This half proposing Erlang over everything usually doesn’t know what the other half does and think they still use synchronized. But this is only the most basic technique (and not even the best basic one with the advent of atomics). Surprise, enterprise Java developers don’t use threads (directly) and synchronized. I’ll tell you what they do.

There are lots of better methods for concurrency nowadays like Futures, Executor Services and especially Doug Leas Fork/Join framework in Java JSR 166y. The FJ framework splits a task into subtasks, distributes them, solves them and joins the result (in a very clever way with queues which are written on one side and read on the other and tasks which can steal work from others). The algorithm for forking and joining looks like this:

Result solve(Problem problem) {
  if (problem is small)
    directly solve problem
  else {
    split problem into independent parts
    fork new subtasks to solve each part
    join all subtasks
    compose result from subresults
  }
}

As an example to calculate Fibonacci numbers:

class Fib extends FJTask {
  static final int threshold = 13;
  volatile int number; // arg/result

  Fib(int n) { number = n; }
  int getAnswer() {
    if (!isDone())
      throw new IllegalStateException();
    return number;
  }

  public void run() {
    int n = number;
    if (n <= threshold) // granularity ctl
      number = seqFib(n);
    else {
      Fib f1 = new Fib(n − 1);
      Fib f2 = new Fib(n − 2);
      coInvoke(f1, f2);
      number = f1.number + f2.number;
    }
  }
}

(you can use threads or a different scheduler for this to work)

A similar approach to concurrent work is MapReduce as implemented by Hadoop. It also splits work into sub tasks, does a mapping step for transforming data and then reduces the result. It works best for data crunching and reducing input data to output data.

Other techniques developers often use instead of concurrency primitives are communication abstractions, like communicating over concurrent access queues, for example java.util.concurrent.ArrayBlockingQueue (ah queues again! or call them inboxes).
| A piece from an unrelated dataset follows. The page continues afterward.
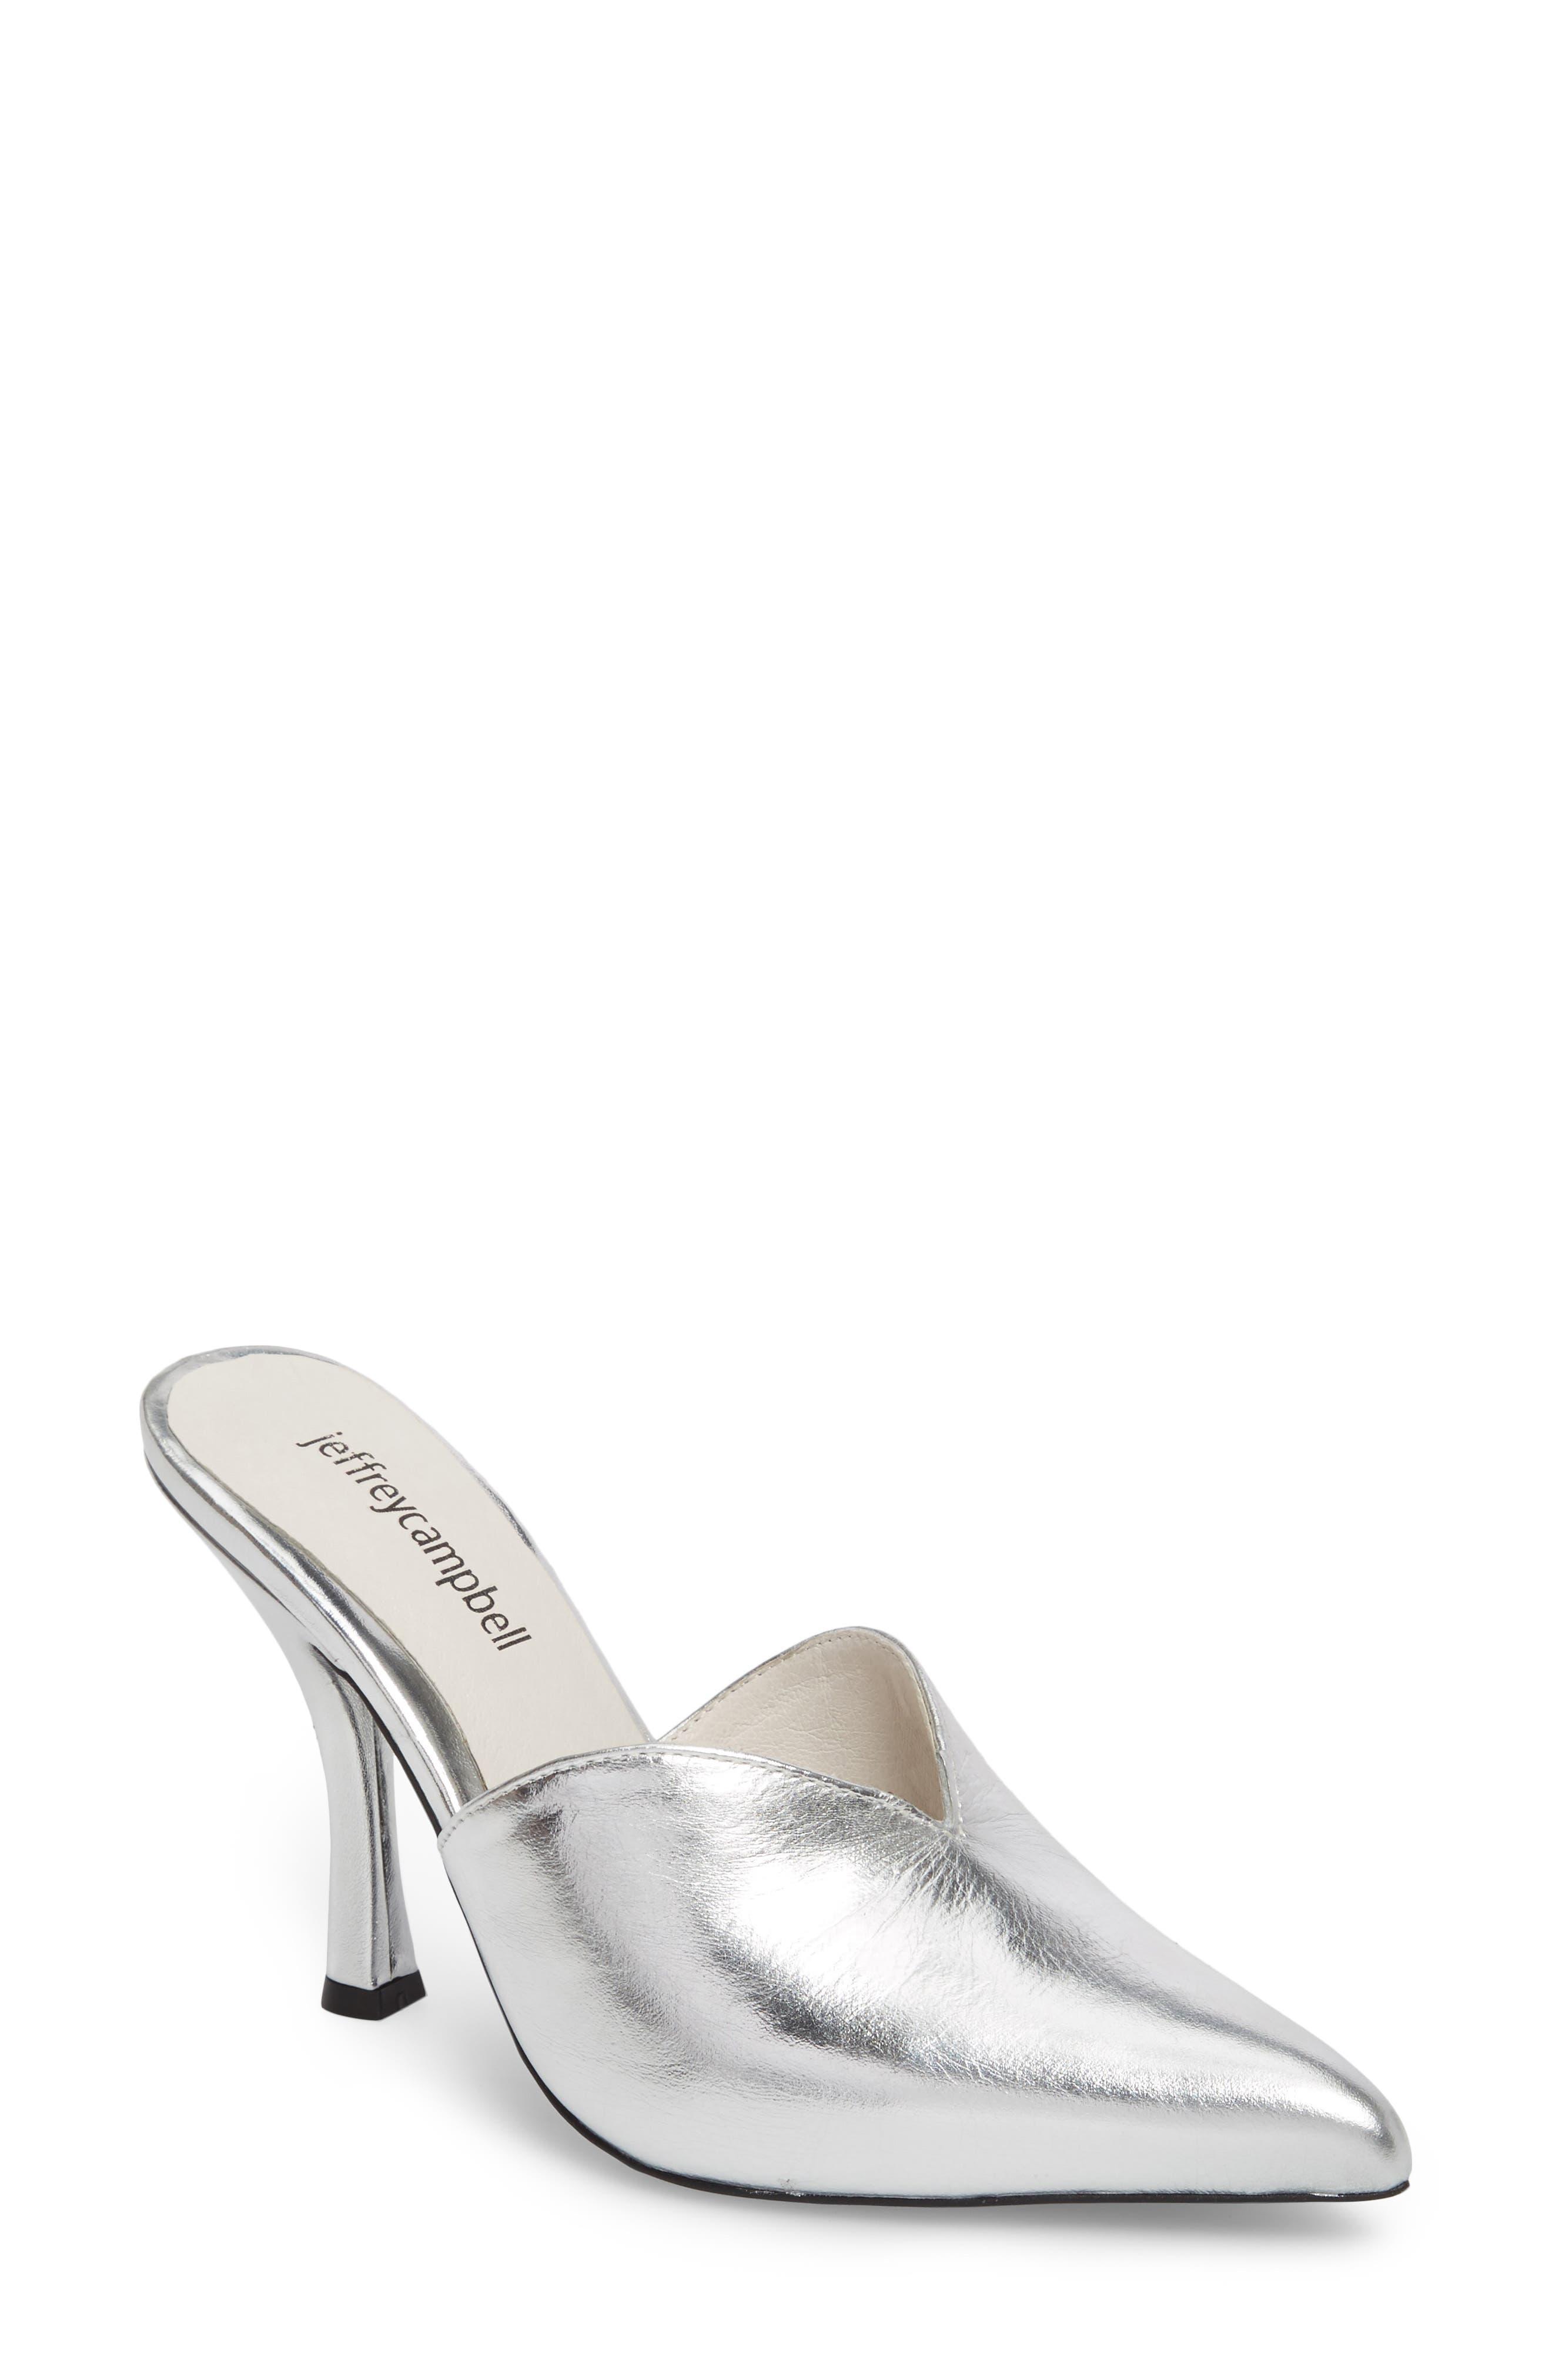 Jodeci Sweetheart Mule Pump,                         Main,                         color, Silver Leather

concurrency queue Concurrency Rant: Different Types of Concurrency and Why Lots of People Already use Erlang Concurrency

Threads talk to each other by adding (hopefully immutable) messages to a queue. Sounds familiar? Those can even be distributed (also see Hazelcast for distributed queues). This is very similar to Erlang concurrency, just imagine input queues for all your workers, aka actors.

Scala has an Erlang like message passing actor concurrency implementation. When looking into the Scala code, Scala uses the Fork/Join Framework of Java, the cirlce closes. And Scala uses different schedulers for it's implementation with one thread per actor only being one option.

We can abstract concurrency even more. Jonas writes an excellent piece about abstractions on top of actors in a piece about fault tolerant, Asynchronous concurrency but misses one crucial point:

Actors can simplify concurrent programming and reasoning immensely and I believe that Scala Actors is a key piece in the future Java concurrency puzzle. However, programming with actors and with explicit message passing and message dispatch loops can feel a bit unnatural and unnecessary verbose for Java developers that are used to regular OO method invocations and synchronous control flow.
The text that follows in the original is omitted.